By MICHELE CHABIN ©2014 Religion News Service
The creation of a temporary artificial beach in Jerusalem—a landlocked
city located atop a mountain—has outraged many ultra-Orthodox Jews in this holy
city.
Several ultra-Orthodox rabbis lodged a complaint with the Jerusalem
city council charging that the beach will encourage unseemly behavior and
desecration of the Jewish Sabbath. The city issued a permit for the private
initiative but provided no funding.
Built at the First Station, a restored train station complex that,
unlike most of West Jerusalem, boasts restaurants and activities that are open
on Shabbat, the whimsical “beach” consists of tons of white sand, beach chairs,
a lifeguard’s station and a watermelon stand.

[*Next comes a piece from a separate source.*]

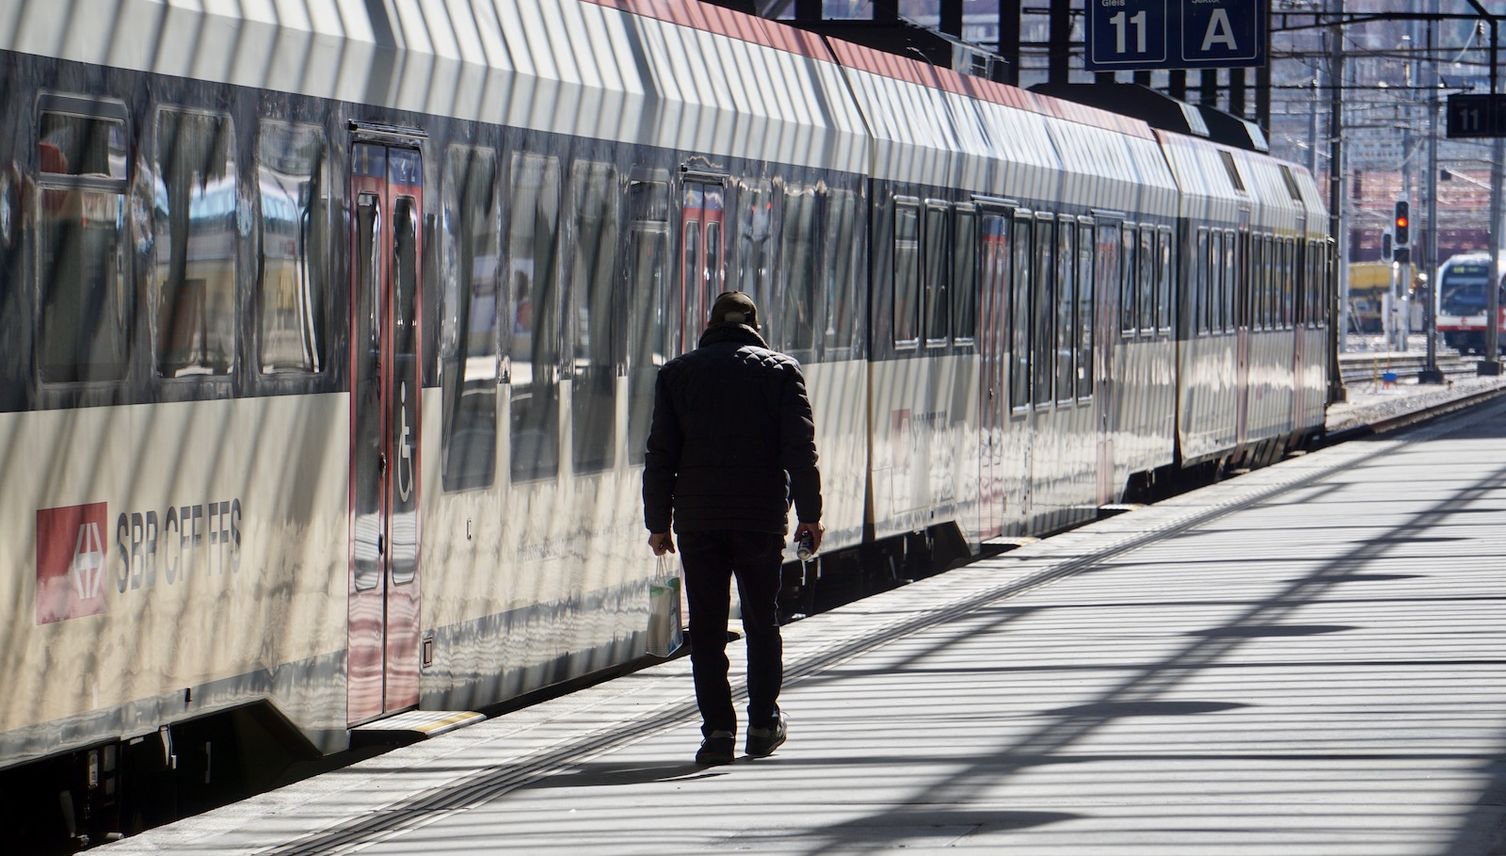 SBB streichen mehr Billettautomaten am Bahnhof Luzern

A surfing simulator will open
soon.
The outcry over the beach—which officially opened June 15 but was
already attracting many people, including some modern-Orthodox Jewish families,
over Shabbat—is just one of the many battles the ultra-Orthodox community has
waged in recent years over the issue of Shabbat closures and the sanctity of
Jerusalem.
An article in the ultra-Orthodox newspaper Yated Ne’eman last week
dubbed the beach a “scandal” and accused the municipality of opening a huge
complex “for Shabbat-violators and terrible deeds.” The First Station, it said,
is part of “a long chain of persecution and harassment of all things sacred” by
Jerusalem Mayor Nir Barkat.
Barkat, who is secular, has tried to strike a balance between the
religious and cultural needs of the city’s diverse residents.
Watching
her children play in the sand on Saturday June 14, Chava Gardner, a
modern-Orthodox Jerusalemite, said, “I have no problem with the ‘beach’ here in
Jerusalem, and maybe it will actually discourage some people from driving to
Tel Aviv and breaking Shabbat in the process.”